### COLLECTED DATA
::::::

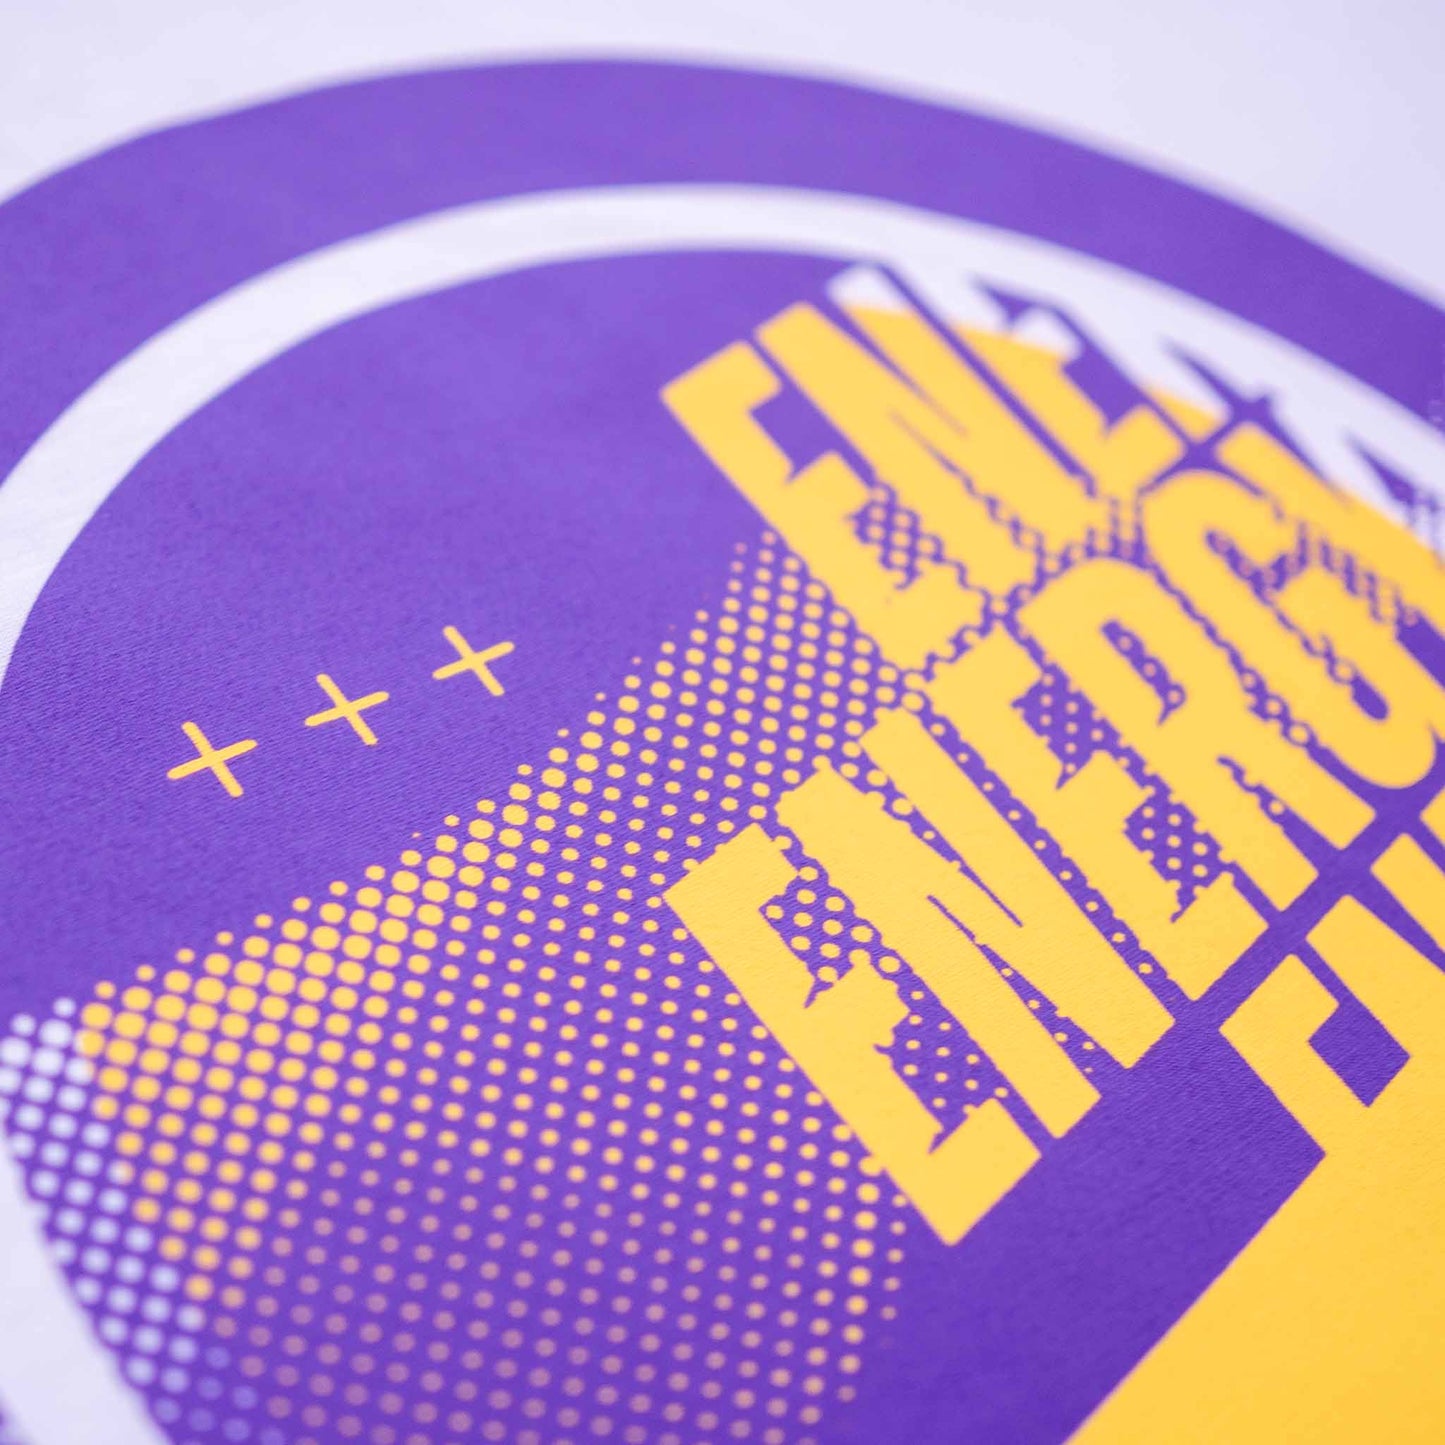 Energy T-shirt Design close up graphic print
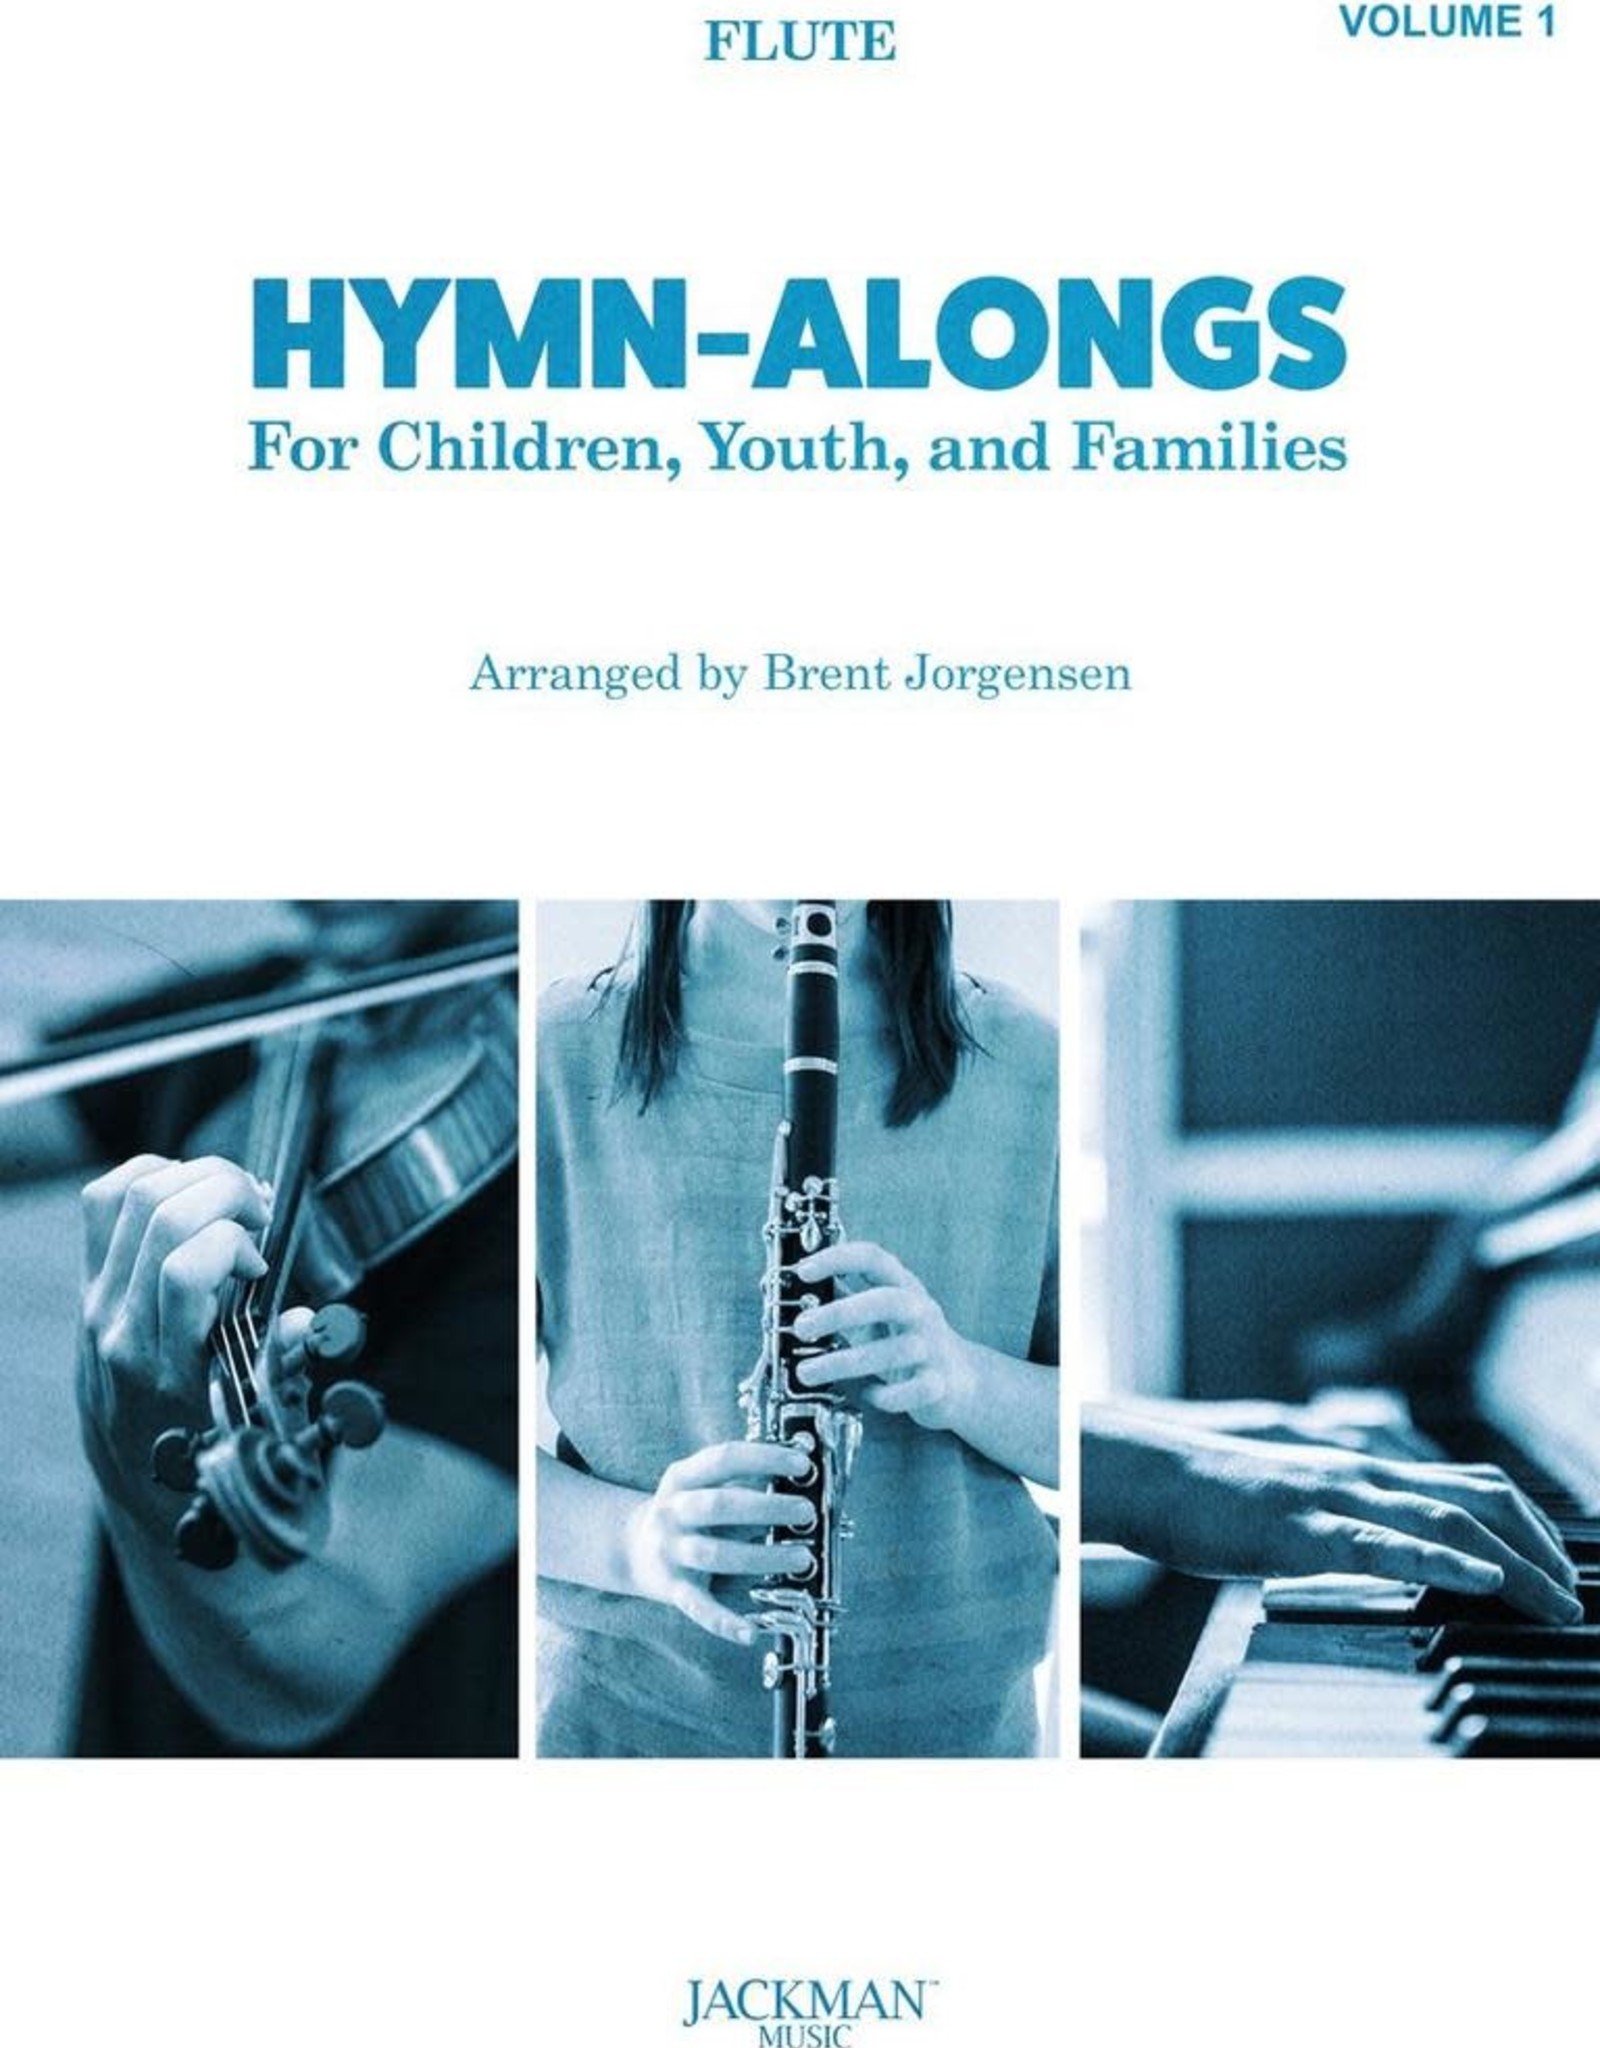 Jackman Music Hymn-Alongs Vol. 1 - arr. Brent Jorgensen - Flute
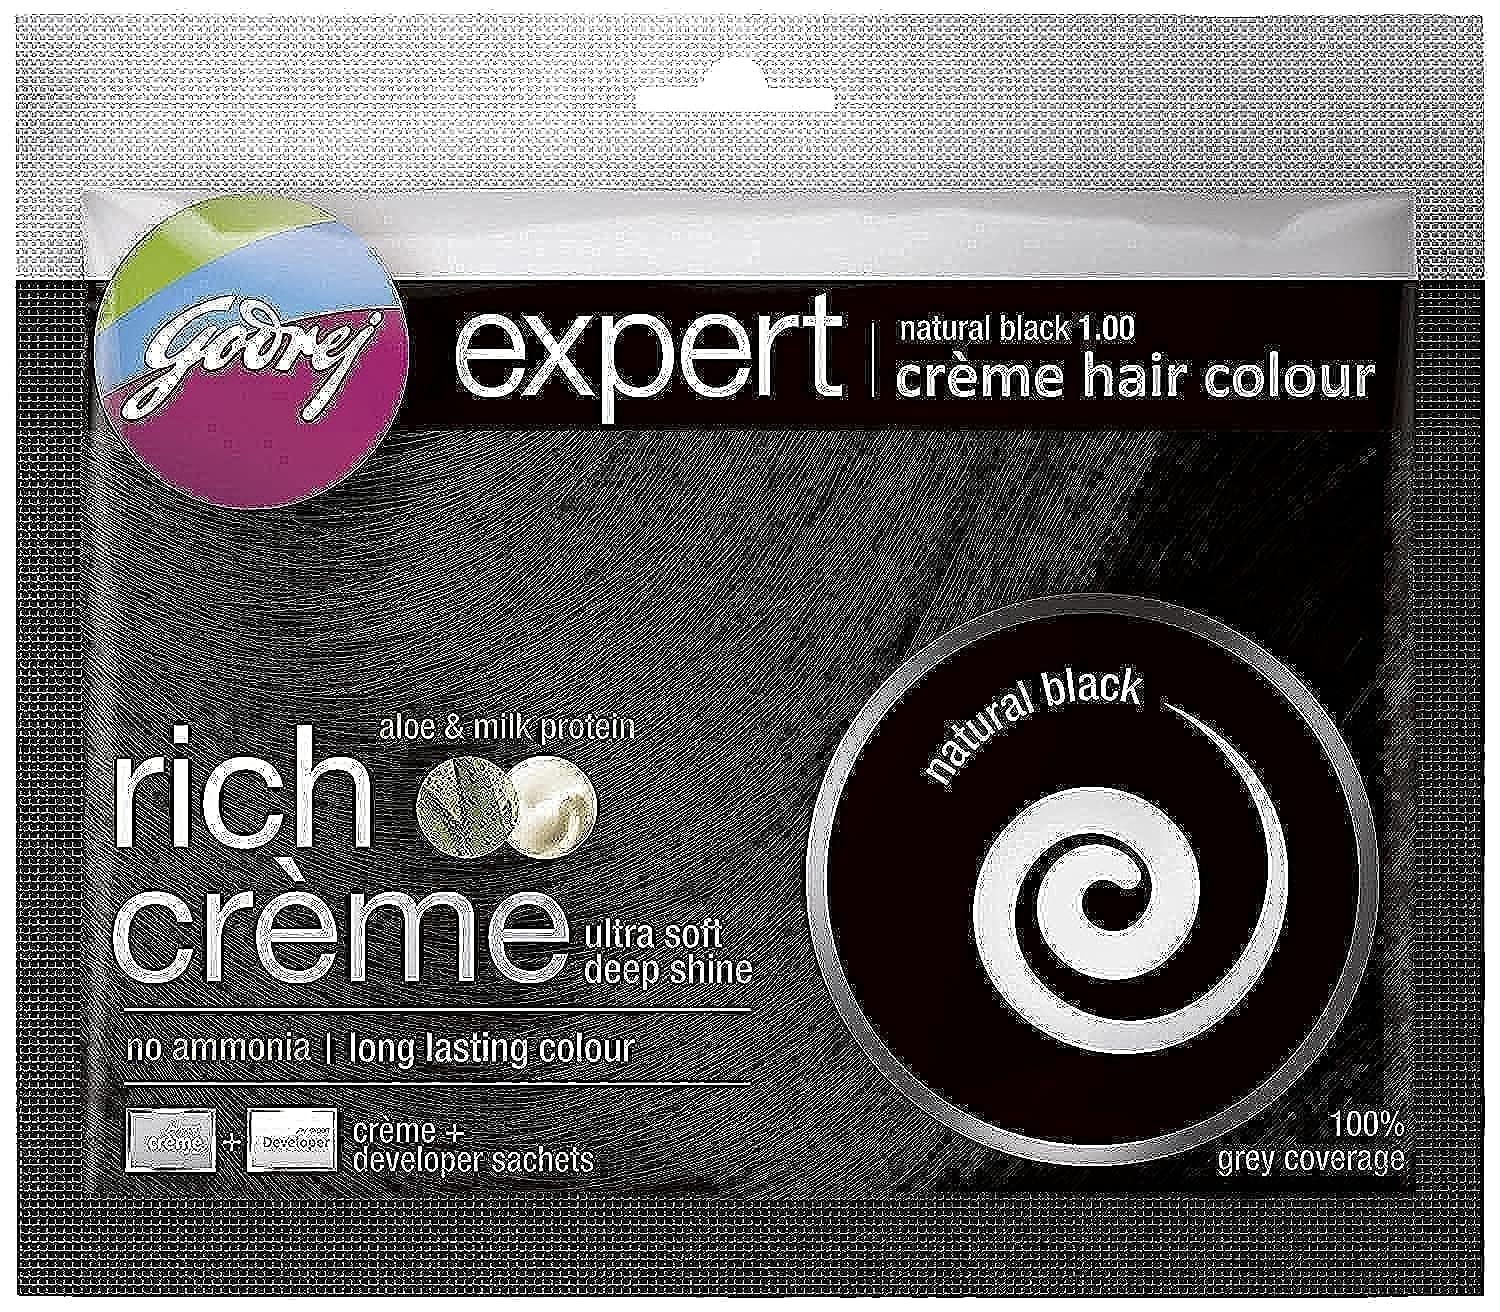 Godrej Expert Creme Hair Colour Natural Black 20G+20Ml

::::::

### TASK TO COMPLETE
Your task is to reproduce all of the material exactly. The pictures stay out.

### TASK SOLUTION
 Energy T-shirt Design close up graphic print
 Jackman Music Hymn-Alongs Vol. 1 - arr. Brent Jorgensen - Flute
 Godrej Expert Creme Hair Colour Natural Black 20G+20Ml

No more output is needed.